EX-101 INSTANCE DOCUMENT
EX-10.III.DD 2 d84217exv10wiiiwdd.htm EX-10.III.DD exv10wiiiwdd
EXHIBIT 10(iii)(dd)
Execution Copy
THIRD AMENDMENT TO EMPLOYMENT AGREEMENT
THIS THIRD AMENDMENT TO THE EMPLOYMENT AGREEMENT entered into as of April 16, 2010 (the Agreement) by and between Commercial Metals Company, a Delaware corporation (the Employer), and Joseph Alvarado (Executive), first amended as of April 8, 2011 and second amended as of May 26, 2011, is made this 1st day of September, 2011.
RECITALS:
WHEREAS, the Employer and Executive entered into the Agreement as of April 16, 2010 and amended the Agreement as of April 8, 2011 and as of May 26, 2011; and
WHEREAS, the Employer and Executive desire to amend the Agreement in order to lengthen the initial duration of the Agreement and to increase Executives salary in recognition of Executives promotion to the position of President and Chief Executive Officer of the Employer effective September 1, 2011;
NOW THEREFORE, in consideration of the mutual covenants and agreements contained herein, the Employer and Executive agree to further amend the Agreement as follows:
1. Sections 3. Duration and 6.a. Salary are hereby omitted in their entirety and the following revised Sections 3. and 6.a. are hereby substituted therefor:
3. | Duration. This Agreement shall, unless terminated as hereinafter provided, continue through August 31, 2013. Unless Executive or Employer gives written notice of his or its intent not to renew this Agreement no later than ninety (90) days prior to its expiration, this Agreement shall automatically continue in effect for successive additional one (1) year terms subject to all other terms and conditions contained herein. | ||
6. | a.
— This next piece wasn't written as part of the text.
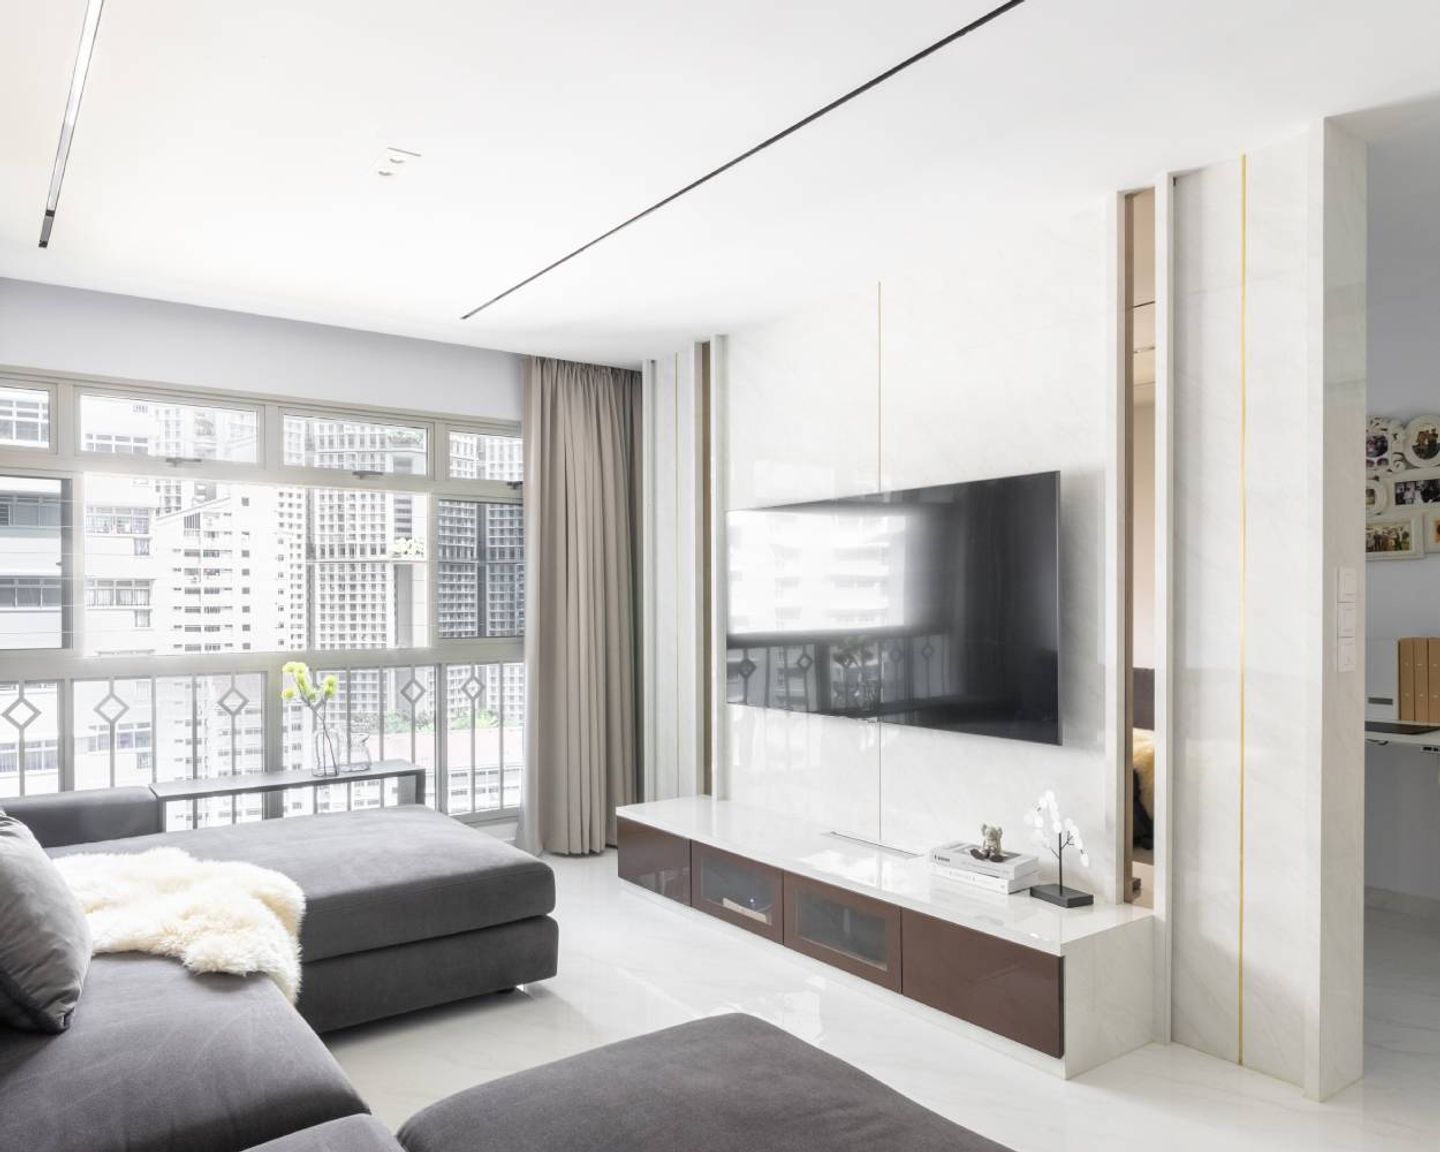 Single-Layered False Ceiling Design With Track Lights For Living Room - Livspace

Salary. Executive shall receive an annual base salary of not less than $750,000.00 during the term of this Agreement. This salary may be increased at the sole discretion of Employer, and may not be decreased without Executives written consent. |
2. Except to the extent specifically amended as provided herein, the Agreement is in all respects ratified and confirmed, and all the terms, conditions and provisions thereof shall be and remain in full force and effect for any and all purposes. From and after the date hereof, any and all references to the Agreement shall refer to the Agreement as hereby amended.
[Signature Page to Follow]
EXHIBIT 10(iii)(dd)
Execution Copy
IN WITNESS WHEREOF, the parties hereto have caused this Agreement to be duly executed as of the date first above written.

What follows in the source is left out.